For a complete walkthrough, see [`examples/quickstart.ipynb`](examples/quickstart.ipynb)
or open it in
[Colab](https://colab.research.google.com/github/clinikit/clinikit/blob/main/examples/quickstart.ipynb).

---

## What is in the box

### 14 hybrid classifiers (`clinikit.models`)

All sklearn-compatible, all pass `sklearn.utils.estimator_checks.check_estimator`.

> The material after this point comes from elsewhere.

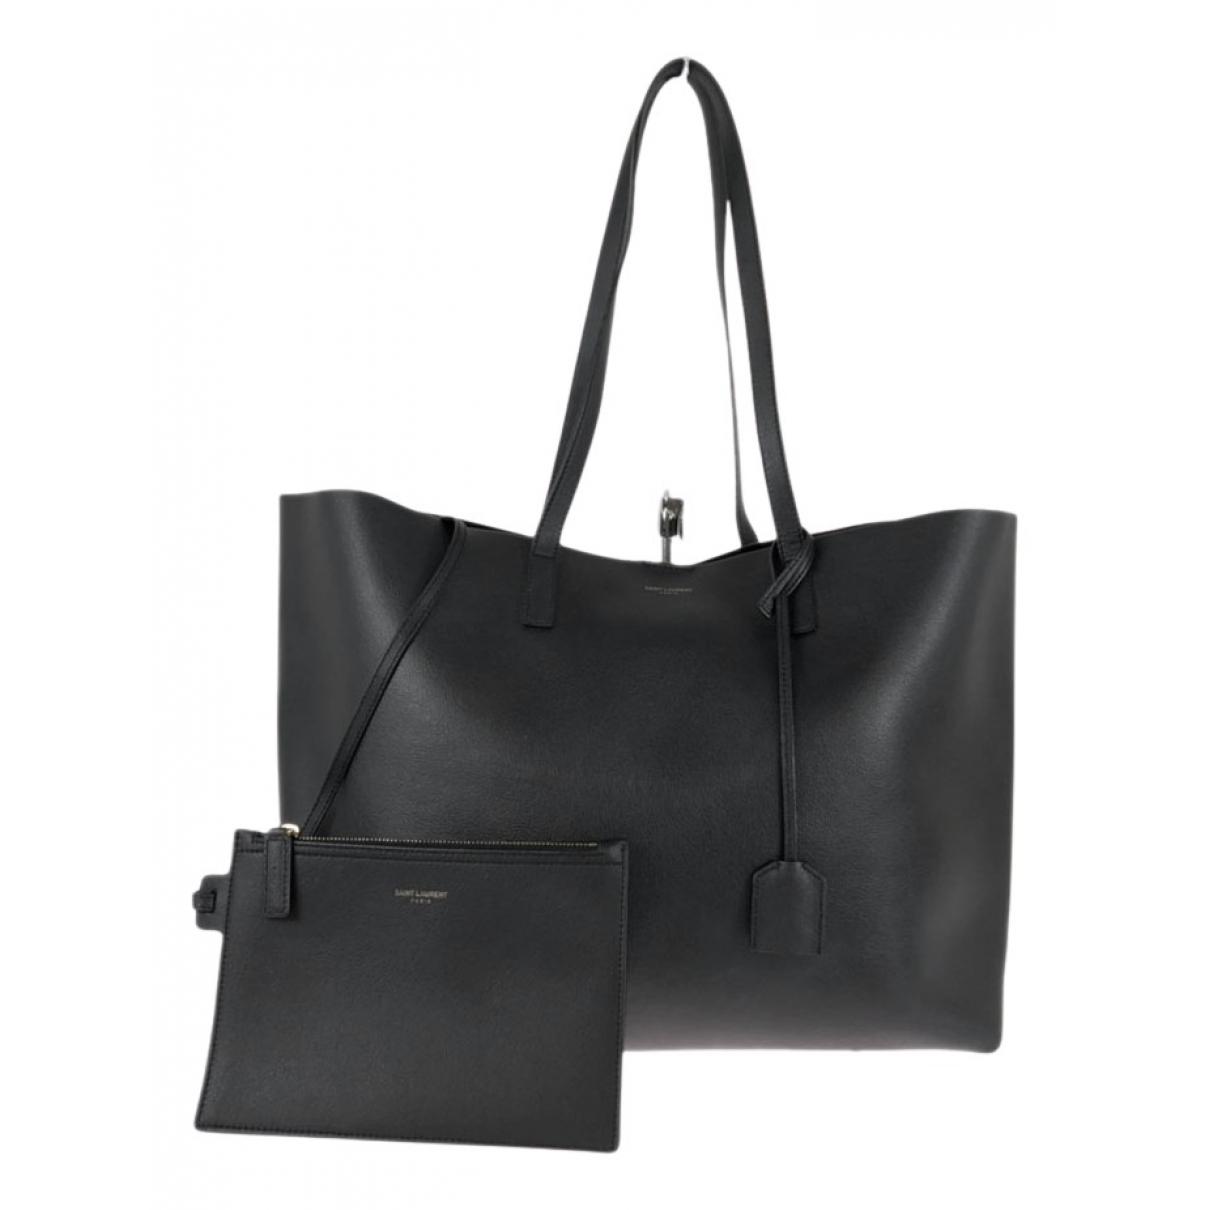 Saint Laurent N Black Leather handbag for Women N
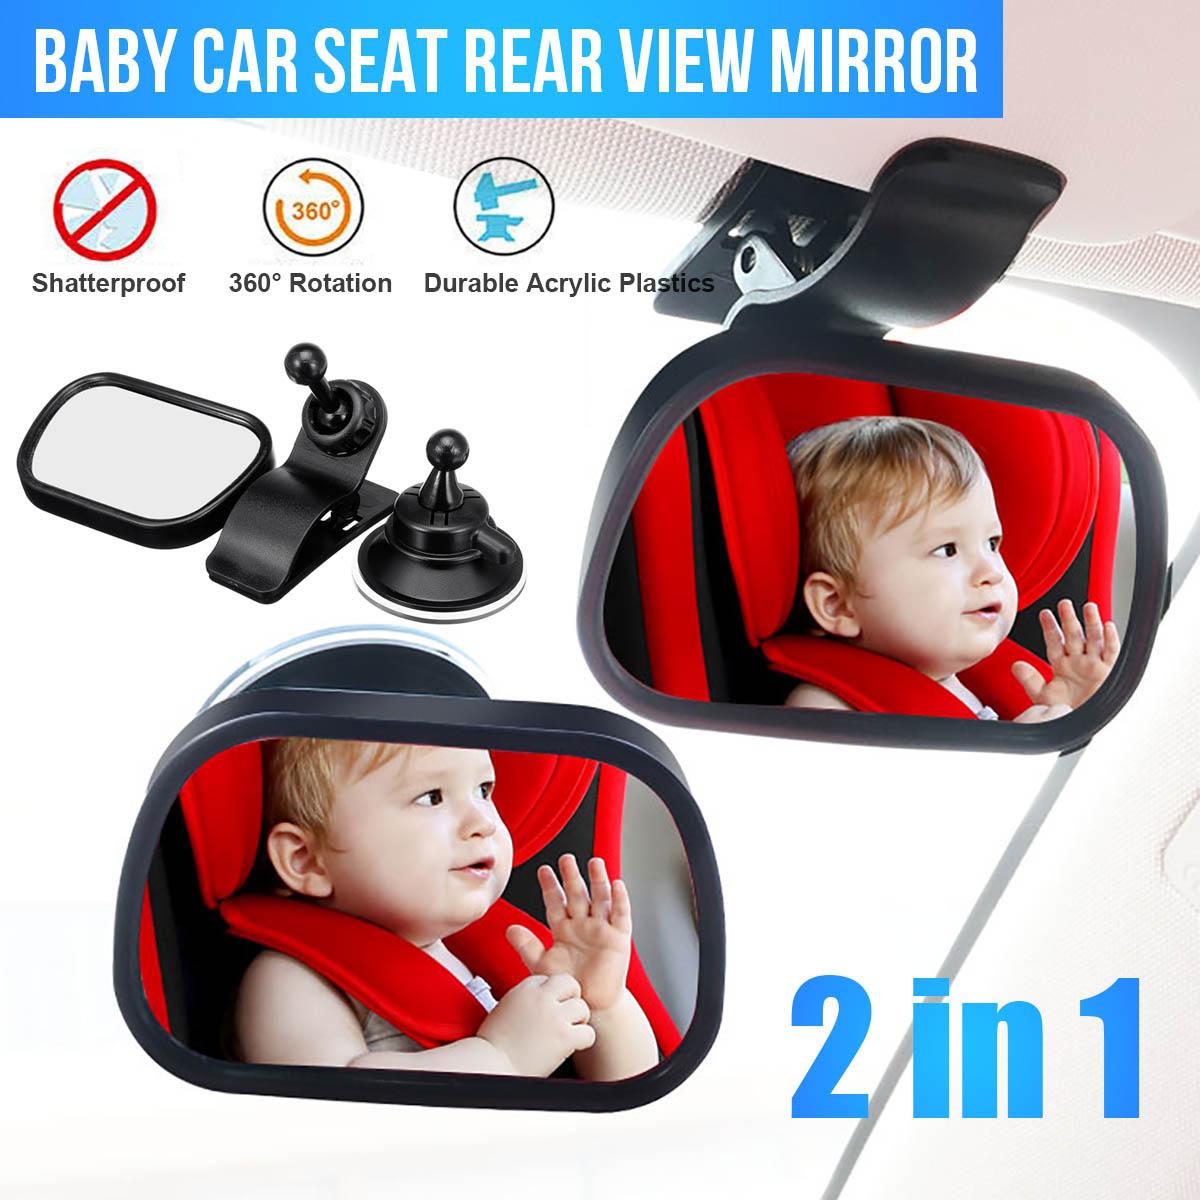 Miroir d'observation de bébé enfant de rétroviseur de siège de sécurité de voiture avec l'agrafe de miroir de ventouse

- `RuleAugmentedClassifier`
- `BoundaryRefineClassifier`
- `SubgroupThresholdClassifier`
- `ErrorAwareCalibrator`
- `MonotonicBooster`
- `HardSampleWeightedEnsemble`
- `ClassConditionalImputer`
- `CrossDistributionDistiller`
- `SelectiveClassifier`
- `InstanceAdaptiveThreshold`
- `DialecticalEnsemble`
- `LatentSubtypeRouter`
- `IterativeLabelRefiner`
- `DualViewCoTrainer`

### Supporting modules

- `preprocessing` — imputers, scalers, outlier flags, missing indicators
- `metrics` — sensitivity, specificity, NPV, PPV, F2, MCC, Brier, ECE
- `curves` — ROC, PR, calibration, Decision Curve Analysis
- `protocols` — 5 experiment protocols (Defensible, MaxScore, OriginalOnly, Deployment, Audit)
- `leaderboard` — experiment tracking CSV with 38 columns
- `report` — HTML structured report generator (Jinja2 templates)
- `audit` — leakage detection, subgroup fairness, documentation checks
- `governance` — audit-trail manifest templates (documentation only)
- `reproducibility` — manifest files (data hash + config + library versions)
- `datasets` — UCI benchmarks (PIMA, Wisconsin, UCI Heart, Frankfurt)
- `cli` — Typer-based CLI: `train`, `benchmark`, `audit`, `validate`, `report`
- `thresholds`, `calibration`, `statistics`, `diagnostics`, `cost_sensitive`,
  `monitor`, `modelcard`, `cross_val`, `explainability`, `automl`,
  `external_val`, `time_split`, `active_learning`, `synthetic`

---

## Command-line interface

```bash
clinikit train      --config config.yaml
clinikit benchmark  --dataset pima --models all
clinikit audit      --data data.csv --report audit.html
clinikit validate   --model model.joblib --data data.csv
clinikit report     --leaderboard runs.csv --out report.html
```

---

## Project notes

`clinikit` is an integration toolkit. The methods it bundles are
adaptations of techniques published in the academic literature; see
[`CITATIONS.md`](CITATIONS.md) for source-method references. It is
not a research paper of original methods, and it is not a regulated
product. Research and development use only.

---

## Contributing

Contributions are welcome. Please read [`CONTRIBUTING.md`](CONTRIBUTING.md)
for the development workflow, coding standards, and pull-request
process. By participating, you agree to abide by the
[`Code of Conduct`](CODE_OF_CONDUCT.md).

---

## Citation

If you use `clinikit` in academic work, please cite it via the
[`CITATION.cff`](CITATION.cff) file, or use:

```bibtex
@software{clinikit,
  author  = {SEVEN, Berat Kaan},
  title   = {clinikit: a tabular machine-learning toolkit},
  year    = {2026},
  url     = {https://github.com/clinikit/clinikit},
  version = {0.1.0}
}
```

---

## License

Distributed under the MIT License. See [`LICENSE`](LICENSE) for the full text.